When Caleb realized that existing terms like "PayFac in a box" didn't accurately describe Tilled's offering, he invented "PayFac as a Service." This new category clearly communicated their value proposition and differentiated them from competitors. He explains, "The concept behind PayFac as a Service was really resonating with these vertical software companies that were saying, 'I don't want to go be a registered PayFac, I want all of the benefits as though I'm becoming a registered payment facilitator with 5% of the effort.'"

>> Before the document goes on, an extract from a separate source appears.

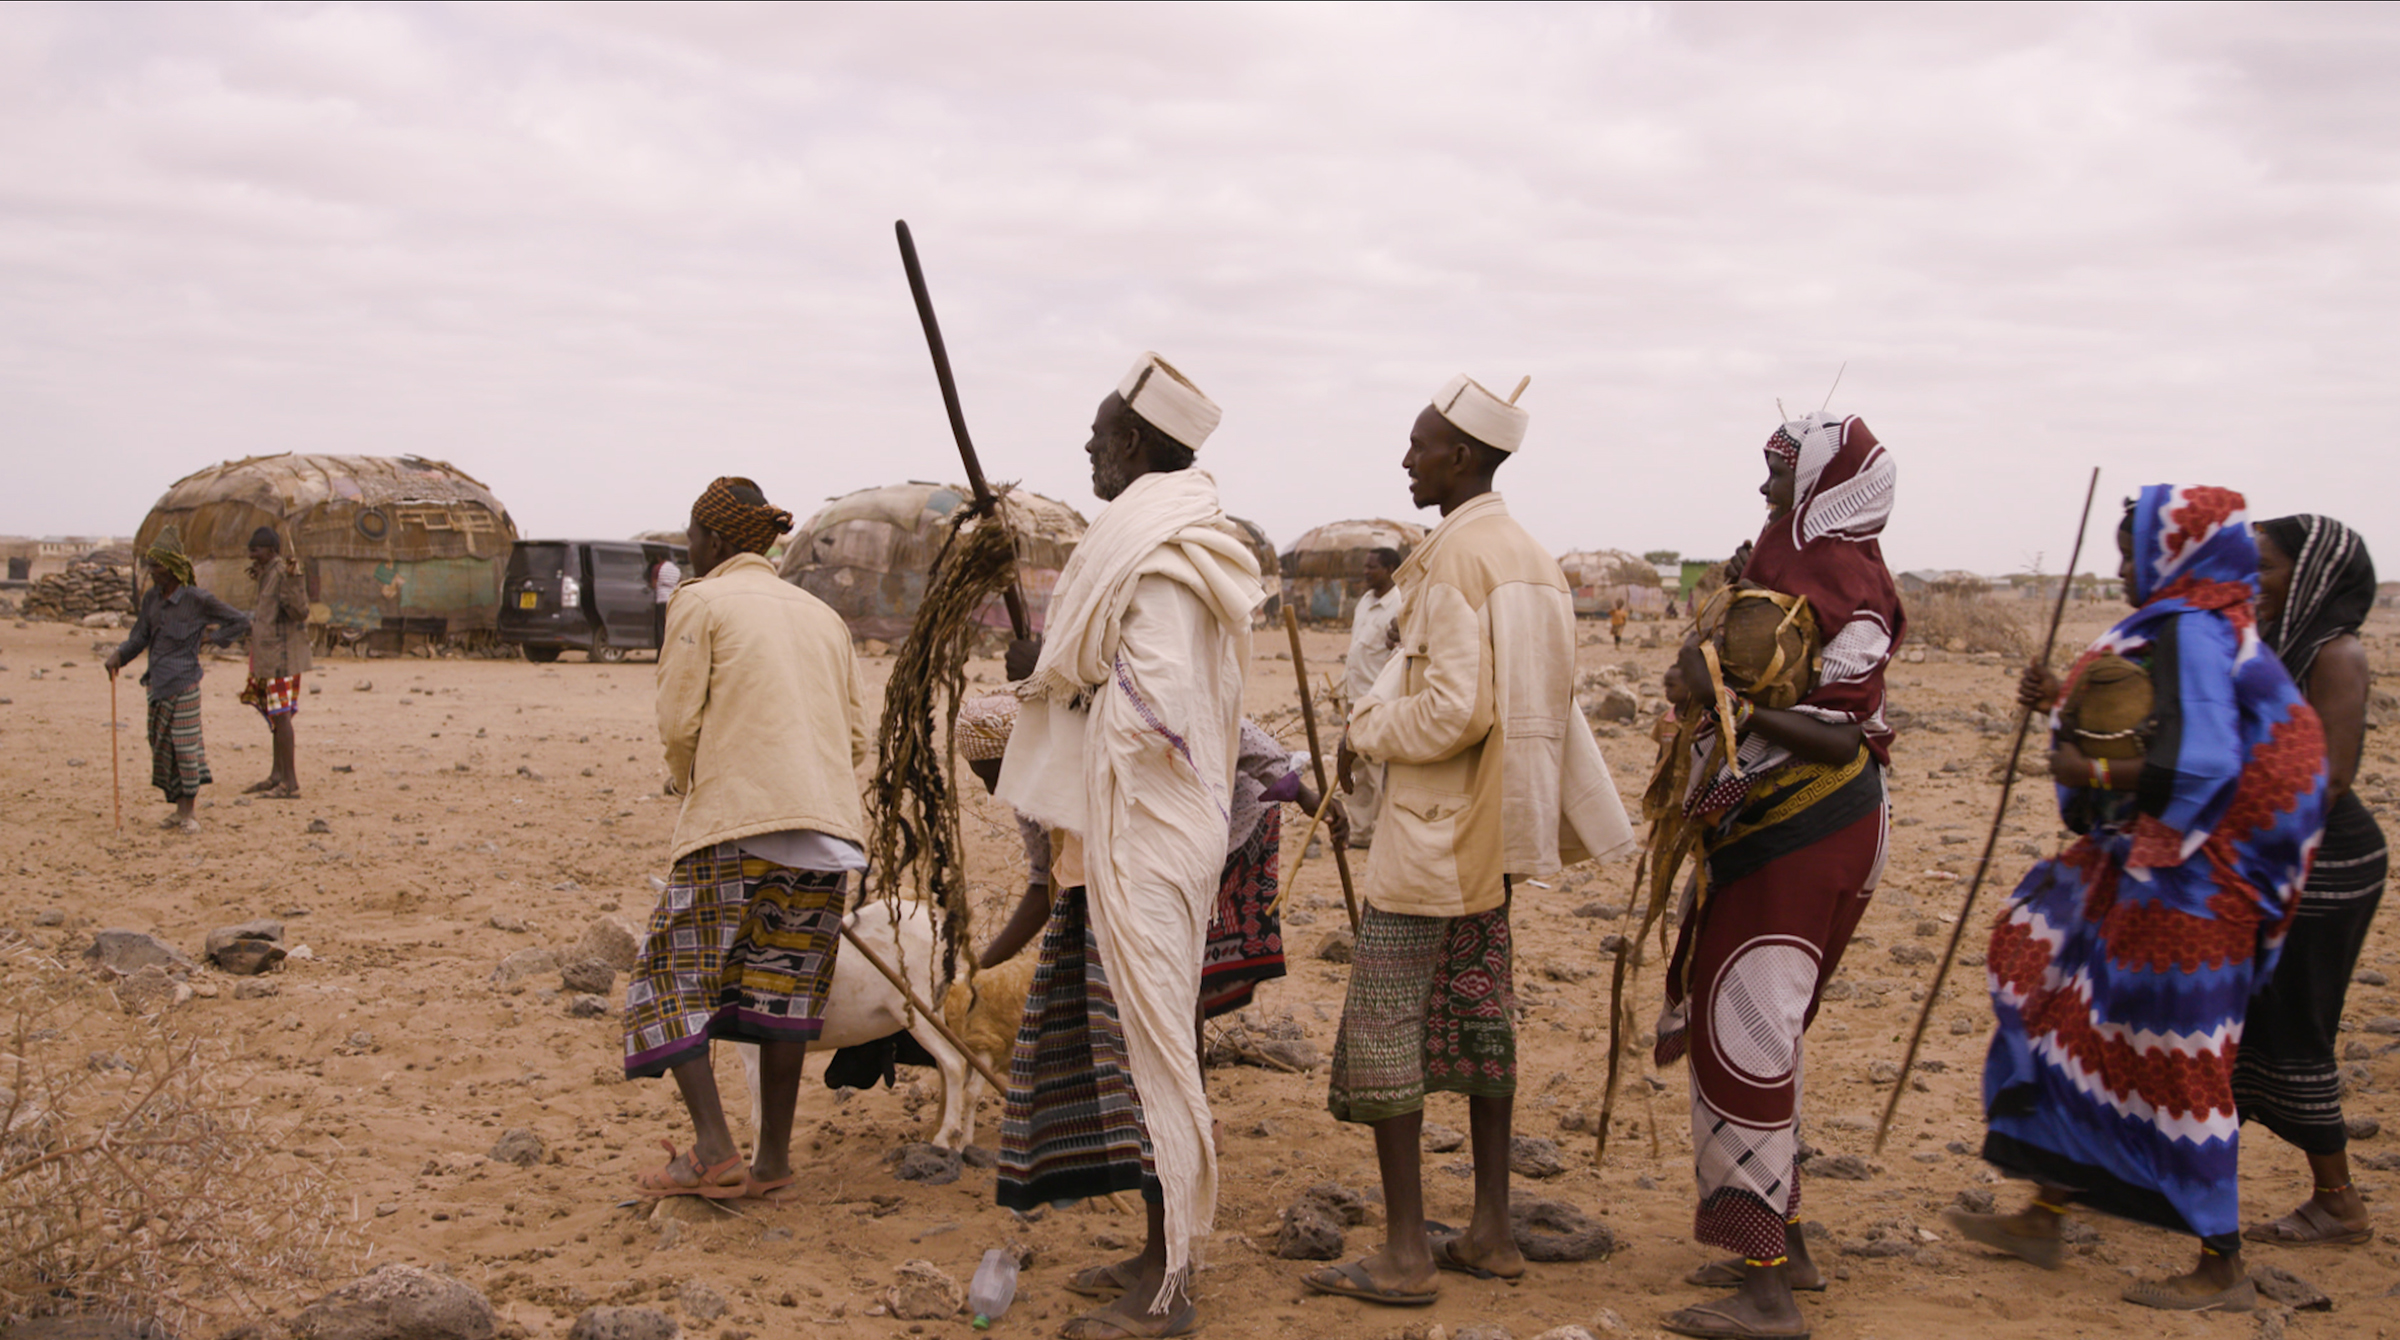 This frame grab from a video taken for TIME on 14 March 2020, shows men with the gifts on the day before the weddin. The groom's family presents gifts to the bride's father, including a dowry of three camels, a moila camel packed with gifts. There are also gifts to the bride’s family that include milk, tobacco and coffee beans.

Educate the market on your category through content:

Tilled invested heavily in education through LinkedIn posts, blogs, ebooks, and speaking engagements to establish their category. Caleb notes, "Over a period of three or four months, we started introducing this concept of PayFac as a Service...by the time we actually launched the fundraising process, some of the early investors that I talked to were like, 'Oh, yeah, we've heard of that category.'"

Leverage fellow founders for early validation:

Even without a product, Caleb reached out to other founders to validate his ideas. "Other founders are very willing to help founders, especially in the early stages where I had nothing to sell them...I was shocked by the response rates that I was getting." This approach helped validate assumptions about pricing, product features, and contractual terms before launch.

Balance personal and professional content for thought leadership:

Caleb's LinkedIn strategy combined educational content about payments with personal stories about entrepreneurship and family life. "I think by allowing people to understand who I was as a person, it made me more approachable for some of the companies that were coming to us and saying, 'Hey, we're not ready to make a switch, but we are curious.'"

Apply to speak at industry conferences:

Caleb was surprised by how many speaking opportunities were available simply by applying. "It just shocks me how few founders that I know are willing to go apply for those speakerships, but it's really an incredibly easy thing for them to go do." These speaking engagements provided valuable opportunities to reach ideal customers and establish credibility.

Run targeted "conquest" campaigns against market leaders:

Tilled runs specific digital advertising campaigns targeting pain points with competitors, using long-tail keywords like "Why is Stripe customer service so bad?" This strategy drives quality leads from customers already experiencing problems with the dominant player in the market.

Embrace channel partnerships in B2B SaaS:

Unlike many competitors, Tilled welcomes referrals from ISOs, agents, and payment consultants. "We're one of the few folks in our space, which is still bizarre to me, that embraces a channel strategy...it's been an incredibly lucrative strategy...it's still 30 plus percent of the deal flow for Tilled."